Меня мучают жесточайшие головные боли — да такие, что глаза, кажется, сжимаются в точку и все вокруг представляется картинкой из развернутого наоборот телескопа. Лишь лауданум [33] способен как-то облегчить мое состояние, но приносит с собою грезы более жуткие, чем даже боль в лобных долях. Уверен, эта боль ниспослана мне неспроста — первое знакомство с преисподней, не более. Сны полнятся видениями той ночи в Лаймхаусе, клыкастая ухмылка проклятой тыквы взлетает снова и снова, качается в тумане. И я чувствую, как мое тело рассыпается, словно изъеденный червями древесный гриб, и как кровь хлещет из дыры в своде черепа. Вижу собственные глаза, огромные, с полкроны, и черные от смерти и распада, а впереди бежит Нарбондо с тем жутким секатором. И я понукаю его бежать скорее! В этом вся правда. Я браню его, я шиплю. Мне нужна эта железа, я заполучу ее до исхода ночи. Подниму на ладони средство к собственному спасению.

Когда же он все испортил, когда мы испуганно бежали по Ист-Индиа-Док-роуд, пригибаясь и подскакивая, я сам спустил на него этих псов. Это я кричал, чтоб они держали его. Нарбондо вряд ли об этом знает, к тому времени он сильно меня обогнал. Он решил, что кричат полицейские. И, пока они колотили его, я не остался в стороне. О нет, я не сдерживал силы ударов. В отчаянии от неудачи, от омерзения я топтал его руки и помог этим пьяным головорезам отволочь его к реке туда, где она плескала, и билась, и копила в себе ярость у подножия Старых ступеней, и я надеялся, что Бог даст мне увидеть его мертвым и объеденным рыбами.

Но тут мне не повезло. Словно призрак на пиру, он ускользнул в ночь незамеченным, пока я сидел у себя в неусыпном ужасе, прислушиваясь к твари в шкатулке, вглядываясь в тени, отчасти ожидая услышать шаги на лестнице, которые принесли бы весть о конце, о виселице, о топоре палача. И шаги прозвучали! Уже в четвертом часу утра. Мертвая тишина. Топ, топ, топ по деревянным ступеням — неимоверная тяжесть, — и тень на занавеси. Сгорбленная тень. Дверь повернулась на петлях, и горбун возник на фоне мерцавших огней и светлевшего неба, являя собой такое уродство, такую скверну, что их не стерло даже его падение без чувств на кафельный пол, — как не стерло и моего ужаса перед ним.

Следовало убить его. Нужно было вспороть ему горло. Я должен был вырезать мерзкую жабу из-под его пятого ребра и бросить ее в клетку понадежнее. Но я и пальцем не шевельнул. Меня удержал страх. Страх, быть может, перед злом, пропитавшим меня самого. Казалось, что лицо горбуна — это мое лицо, что мы с ним едины, что Игнасио Нарбондо как-то притянул, вобрал в себя ту единственную часть моего существа, которая хоть чего-то стоила, и оставил лишь безвольный, болезненный пудинг, разлившийся по креслу, в котором я и просидел до половины одиннадцатого утра.

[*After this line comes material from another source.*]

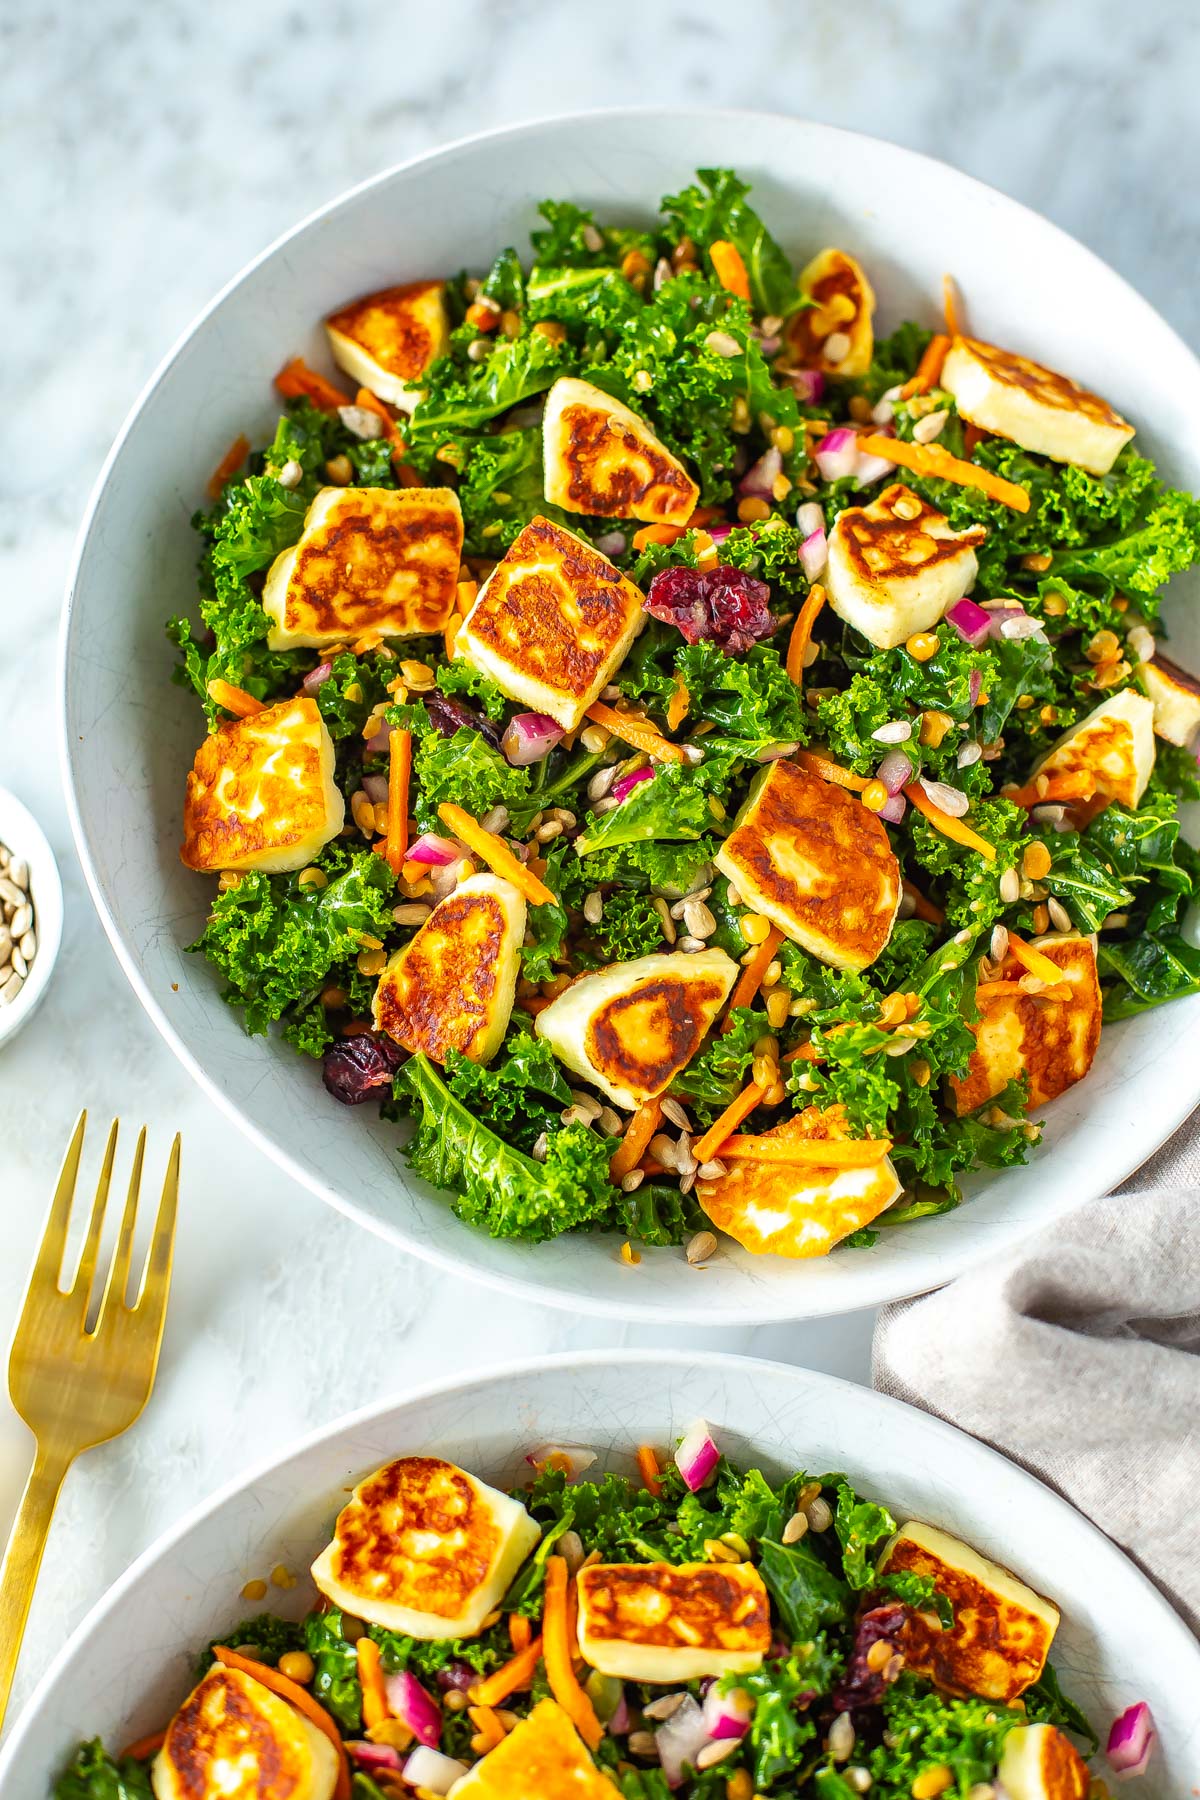 A close-up of a bowl of kale salad topped with halloumi cheese.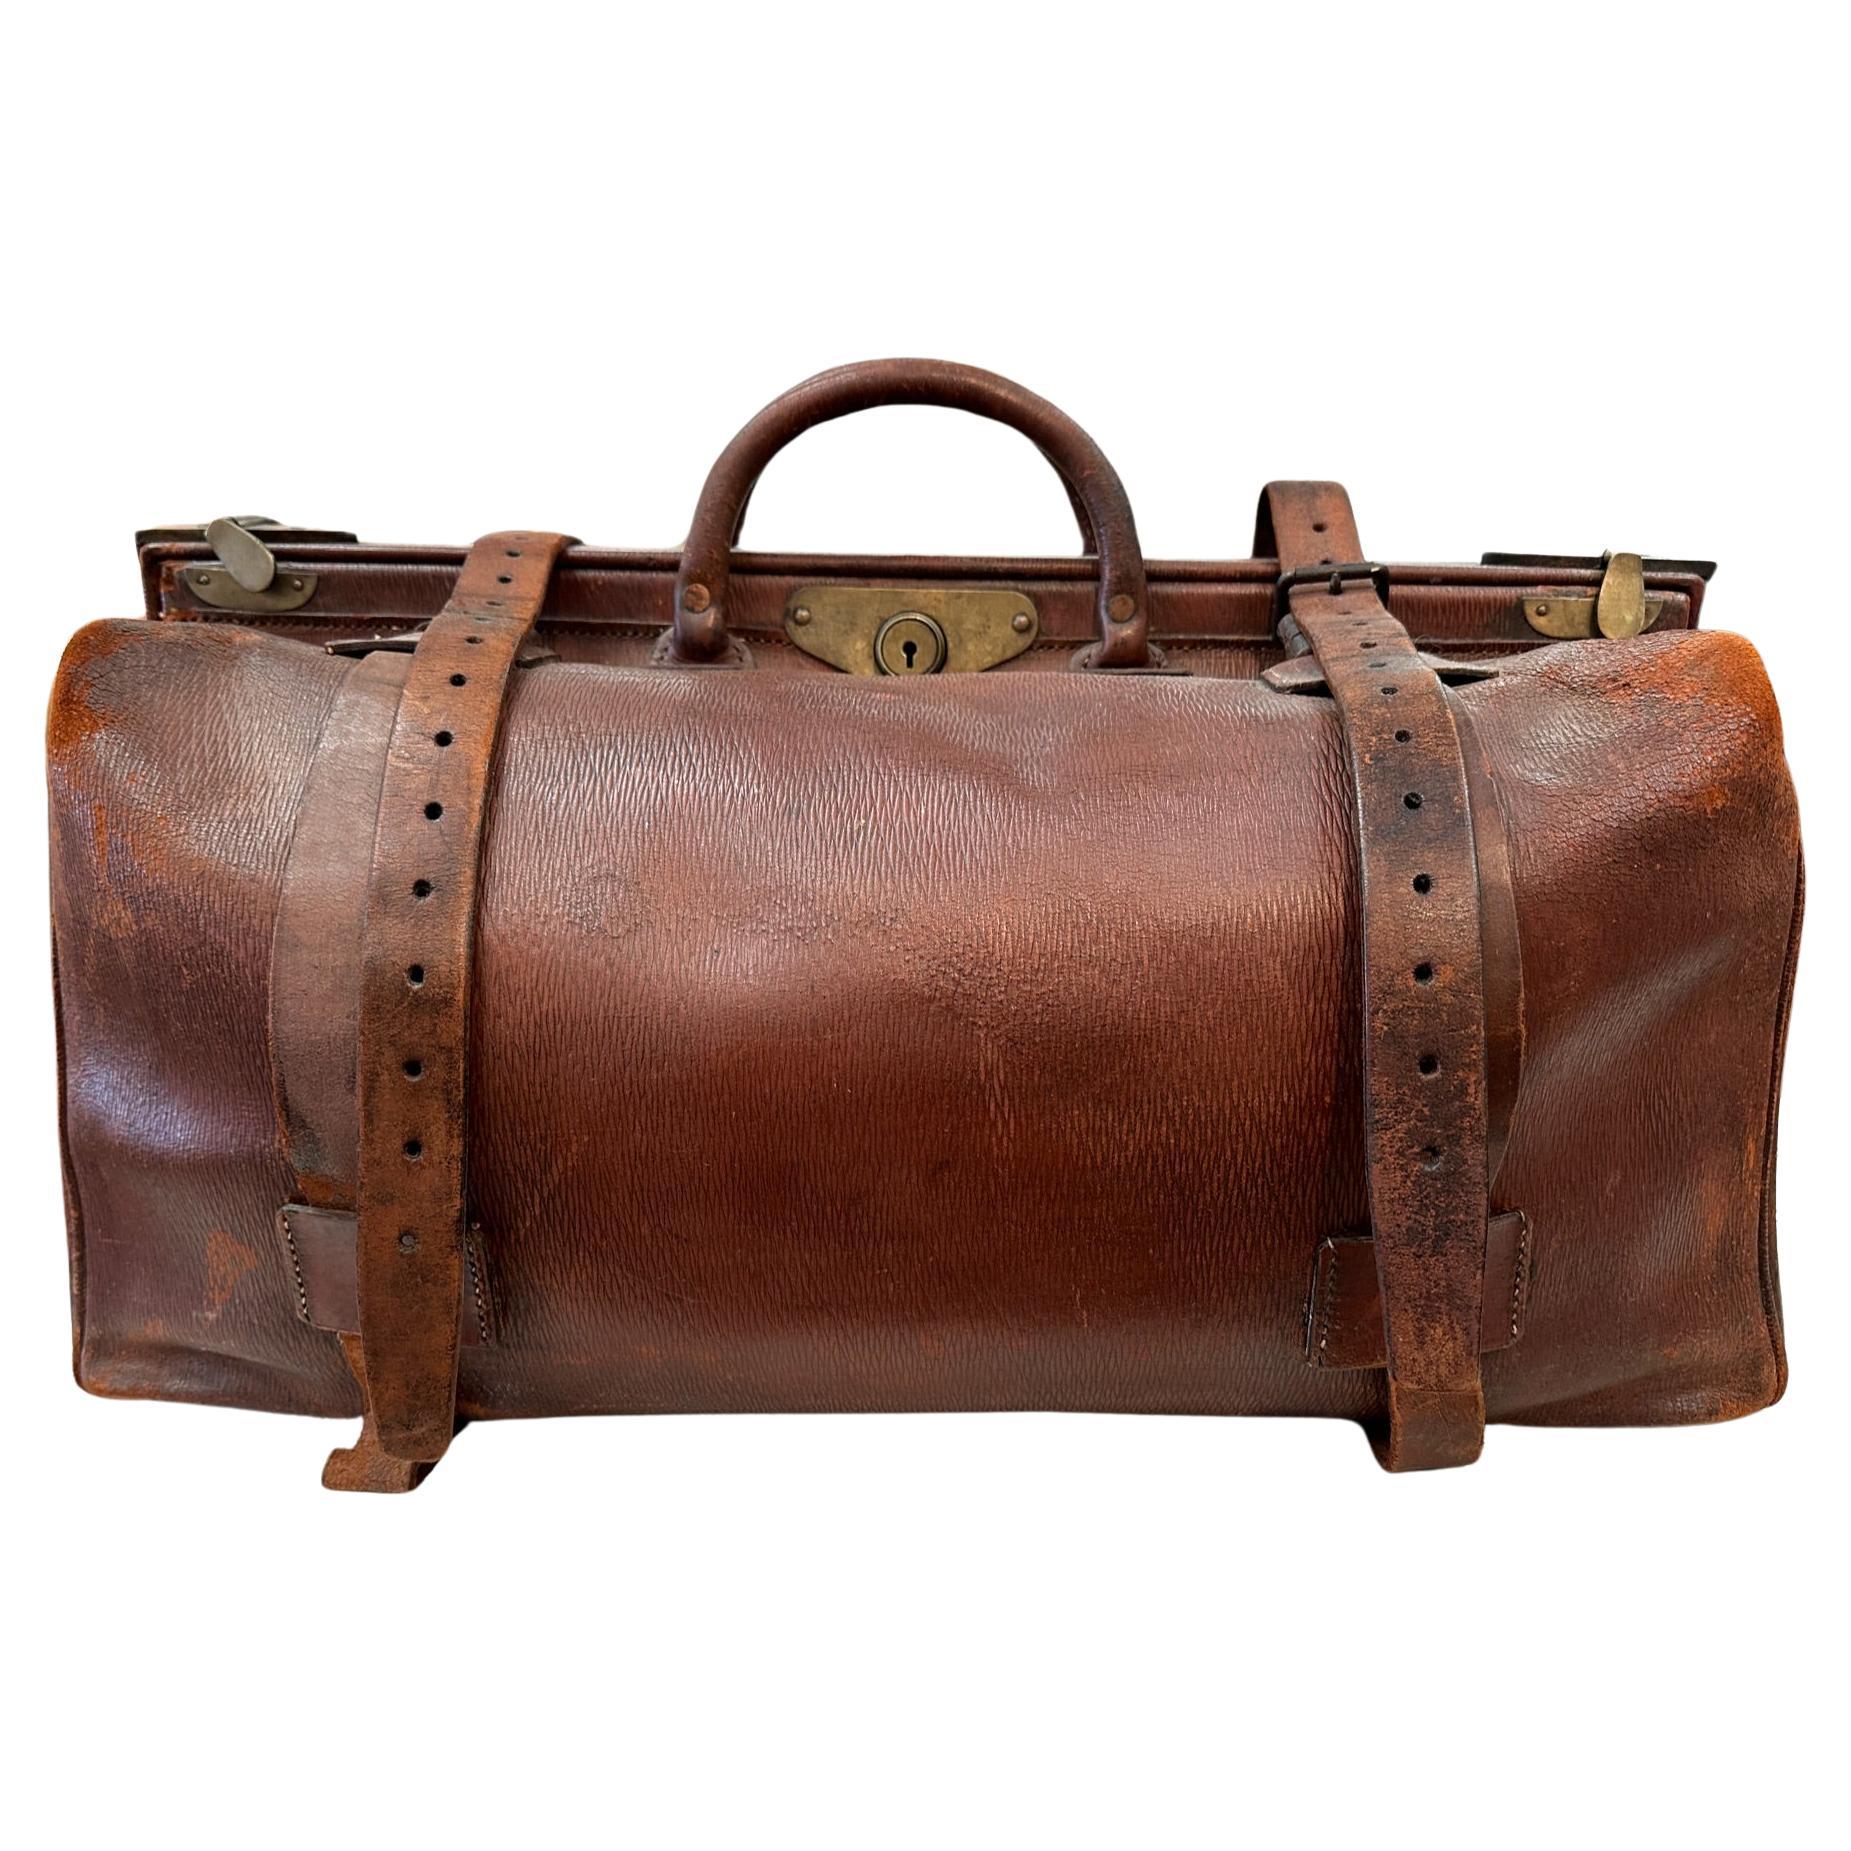 19th Century Large Antique Leather Traveling Luggage with Brass Accents In Good Condition For Sale In Wichita, KS

Таким и нашла меня Нелл. Я умолял сестру убить меня, самому мне не хватило бы мужества на такой шаг. Я просил. Я рассказал ей о маленьком зазывале. И тут же поклялся, что покончил с исследованием, что все мечты о творении жизни ни черта не стоят. Только я лгал. Тварь в шкатулке может остановить энтропию. Стоит ей захотеть, и она разделит теплую воду на лед и пар. Она может заставить шевелиться крысиный труп, множество месяцев пролежавший за стеною, заставить его танцевать по комнате подобно марионетке. Тварь невообразимо стара, и единственное следствие ее игр со временем — ссохшееся, сморщенное состояние, в котором она пребывает ныне. Тем не менее выпускать из шкатулки ее не следует никогда.

То, что я оснастил хитроумную конструкцию Кибла экраном, через который смог общаться с тварью, боюсь, привело меня к распаду. Не могу описать, как именно мы ведем торговлю: знание в обмен на свободу. Если бы только мой узник мог отыскать свой корабль и достаточно умелого пилота, способного управлять им, то мгновенно исчез бы меж звезд. Только до этого не дойдет. Пока я не заполучу то, чем владею… мы владеем, будет вернее сказать, поскольку горбун очнулся и клянется теперь, что нынче же вечером вернется в Лаймхаус, как только улицы скроет достаточно густой покров тьмы.